W późniejszych modyfikacjach systemu obrony powietrznej Sea Cat stanowisko naprowadzania było wyposażone w urządzenie telewizyjne o zmiennej ogniskowej, które zapewniało automatyczne śledzenie śladu pocisków przeciwlotniczych na całej trajektorii. To znacznie zwiększyło dokładność celowania i prawdopodobieństwo trafienia w cel, ale jednocześnie uczyniło tę modyfikację systemu obrony powietrznej droższą i bardziej złożoną.

Wyrzutnia większości modyfikacji systemu obrony powietrznej Sea Cat miała cztery prowadnice do SAM. Przeładowanie nastąpiło po ustawieniu wyrzutni do pozycji pionowej, ta sama pozycja maszeruje.

Obraz
Obraz

Waga pierwszych wariantów kompleksu Sea Cat mieściła się w granicach 5000 kg. Do uzbrojenia statków i łodzi o małej wyporności opracowano wyrzutnię rakiet przeciwlotniczych z trzema prowadnicami o masie nie większej niż 1500 kg.

Znanych jest kilka wariantów kompleksu, które znacznie różniły się od siebie wielkością, elektroniką i charakterystyką eksploatacyjną: GWS-20, GWS-21, GWS-22 i GWS-24.

Po przejściu z urządzeń elektropróżniowych na podstawę elementów półprzewodnikowych udało się znacznie skrócić czas wejścia kompleksu do pozycji bojowej, aby zwiększyć niezawodność i łatwość konserwacji.

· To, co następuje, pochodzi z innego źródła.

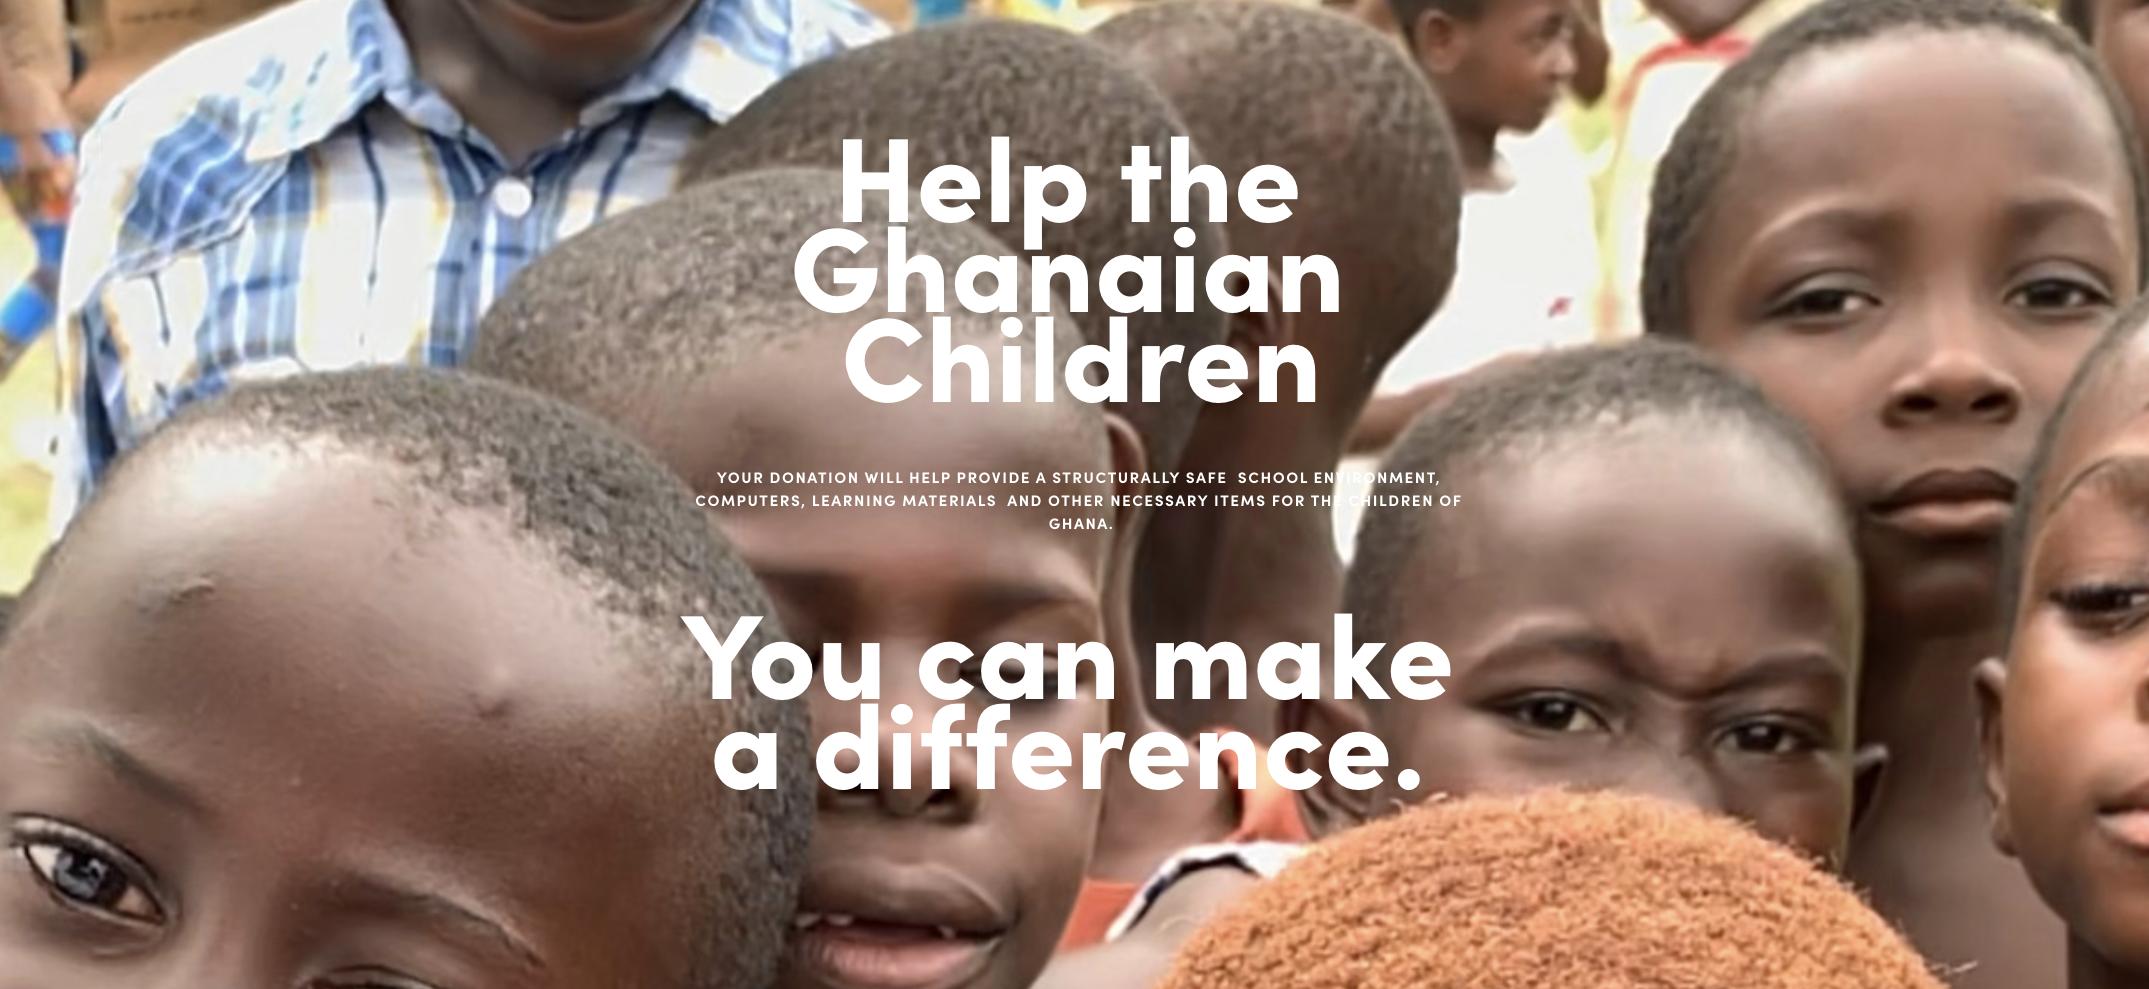 Ghanian Children.png

Chrzest bojowy „Kota Morskiego” odbył się w tym samym 1982 roku, podczas wojny o Falklandy. W tym czasie system obrony powietrznej Sea Cat był często jedyną stosunkowo skuteczną bronią przeciwlotniczą na wielu brytyjskich okrętach zbudowanych pod koniec lat 50. i w połowie lat 60. XX wieku. Pomimo niewielkiego zasięgu ognia i niskiej prędkości lotu pocisków i celności, duża liczba kompleksu i względna taniość pocisków odegrała rolę w ochronie brytyjskich okrętów przed nalotami. Zdarzały się przypadki, gdy argentyńskie samoloty bojowe zatrzymywały atak i odwracały się, zauważając wystrzelenie pocisku przeciwlotniczego, czyli uruchomiono „efekt odstraszający”. Jednak „Sea Cat” był absolutnie bezsilny przed ASC „Exocet”.

Obraz
Obraz

W sumie do argentyńskich samolotów bojowych wystrzelono ponad 80 pocisków Sea Cat. Według samych Brytyjczyków pociski te zestrzeliły tylko jeden A-4S Skyhawk. Stało się to 25 maja, rakieta została wystrzelona z fregaty Yarmouth.

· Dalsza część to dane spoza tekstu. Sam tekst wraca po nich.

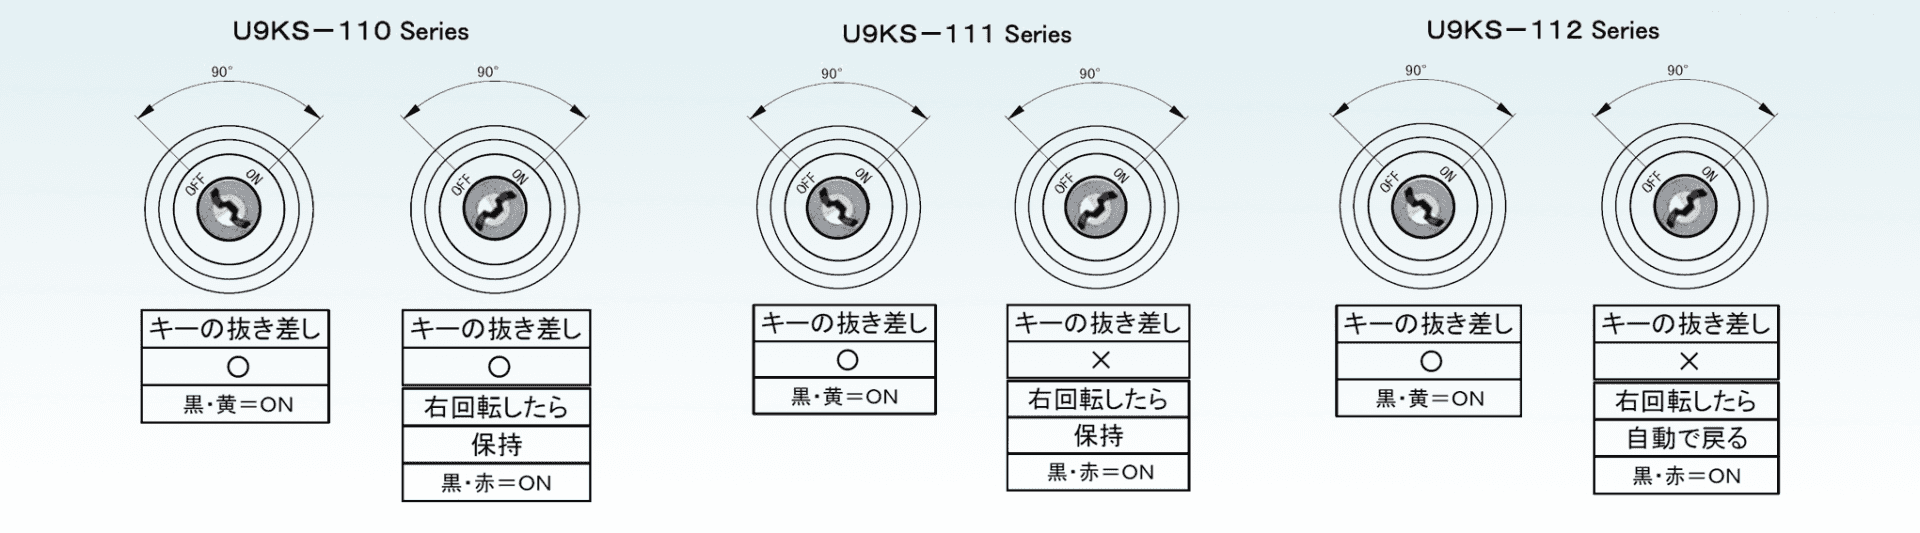 KS-110シリーズ一覧

Oprócz morskiego systemu obrony przeciwlotniczej Sea Cat istniał jego wariant lądowy Tigercat oraz system uzbrojenia śmigłowca Hellcat, ale systemy te nie były tak rozpowszechnione.

Morski system obrony przeciwlotniczej Sea Cat oprócz Wielkiej Brytanii służył w marynarce wojennej 15 krajów: Argentyny, Australii, Brazylii, Wenezueli, Indii, Iranu, Libii, Malezji, Nigerii, Holandii, Nowej Zelandii, Tajlandii, Niemcy, Chile i Szwecja. Obecnie Sea Cat został wycofany z eksploatacji prawie wszędzie.